Alphabet / Google Stock: Most Valuable Advertising Property (NASDAQ:GOOG,GOOGL)

Name sign above the entrance of Google offices in London, UK.

Alena Kravchenko

The following segment was excerpted from this fund letter.


In early January this year – which admittedly feels like eons ago – US President Joe Biden was pushing Americans to take up the government’s offer of free COVID tests to help tackle the surging omicron variant. How did Biden respond when citizens asked about the availability of these tests?

“Google it!”1

This advice, undoubtedly well-meant, was roundly scoffed at by the press, however. It seemed too obvious to be very helpful.

Anyway, the anecdote serves to introduce you to one of our largest holdings, Alphabet; the parent company of Google. Note that first, Alphabet’s original and core product – its search engine – has entered our common vocabulary as a verb. ‘Googling’ something has the same meaning as ‘researching’ or ‘finding an answer to’ something. Second, the reason Biden’s advice was met with such opprobrium was because Googling something has become almost second nature to us now.

These two observations reveal a lot about Google’s strength in the search engine market, in which it has a share of over 90 percent. Because internet search is almost the prototypical network, Google has benefitted from – and we think is also protected by – the huge competitive advantage its scale brings – both to those asking the questions and those providing the answers.

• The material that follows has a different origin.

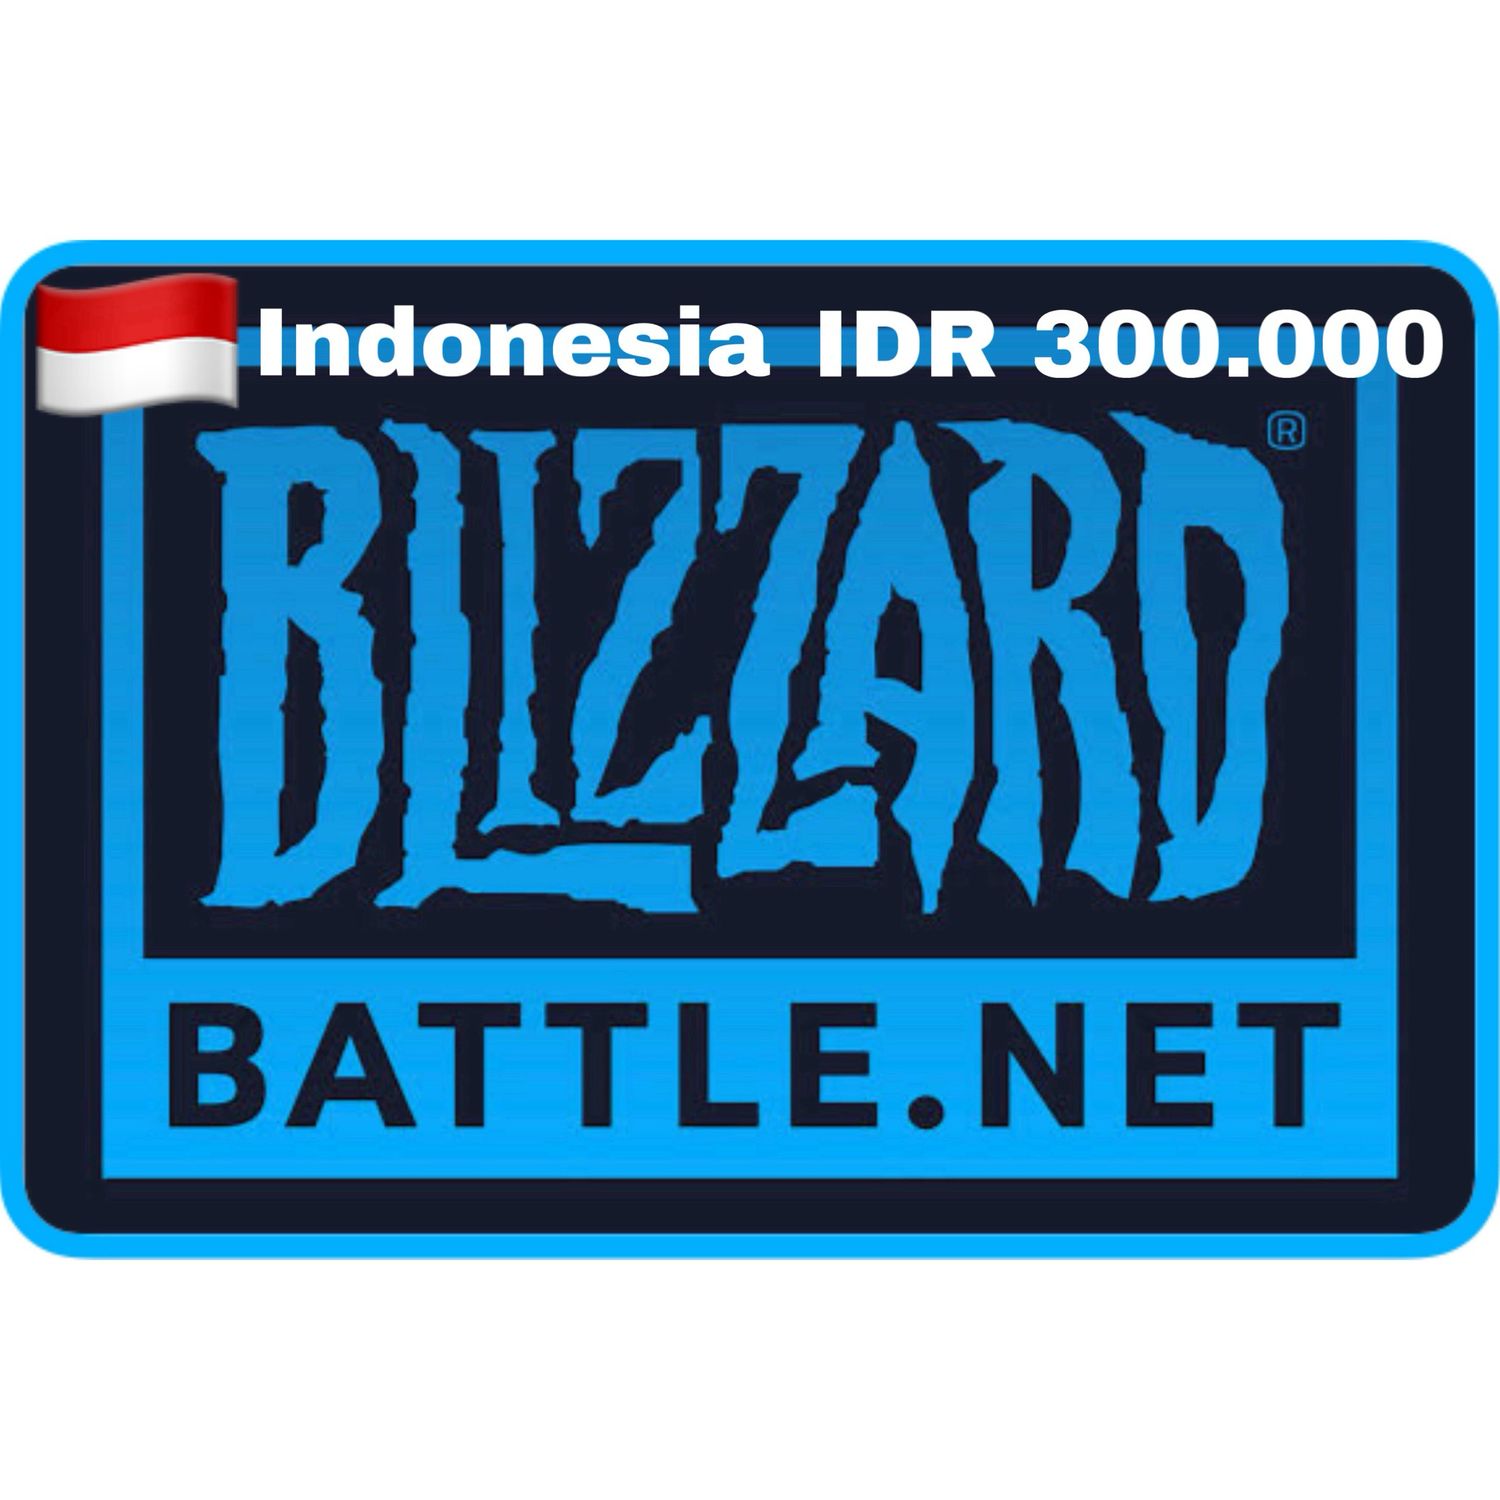 Battlenet Blizzard Gift Card Indonesia IDR 300.000

The Google search platform becomes increasingly useful to anyone seeking information as a greater volume of stuff becomes available. This starts a virtuous cycle that results in a colossal market share for Google itself. In the language of business strategists, Google benefits from vast network effects.

Because Google’s search results are viewed by billions of eyeballs every day, its search page ‘real estate’ is understandably very valuable to those with goods and services to sell. Advertising revenues from this ‘real estate’ as well as that from its other properties such as Mail, Maps, and so on, totaled almost USD 150b in 2021; amounting to almost 58% of the company’s revenues.

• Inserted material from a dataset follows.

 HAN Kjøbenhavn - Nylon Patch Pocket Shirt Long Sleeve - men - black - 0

Ad sales on YouTube, also owned by Alphabet, brought in another USD 28b. With the secular shift of the advertising spend to digital channels – over which Alphabet has a tight grip – we estimate the company has a share of around 40% of the digital advertising market and is probably the most valuable advertising property in the world.

The final piece of Google’s advertising ecosystem is its suite of products such as AdSense, which it provides to website owners wanting to sell advertising space on their properties. We estimate that Google pockets about 33 percent of every $1 in the advertising sales generated by these partner websites. By having such a lengthy list of advertisers looking for space, Google is able to match advertisers with website owners for their mutual benefit.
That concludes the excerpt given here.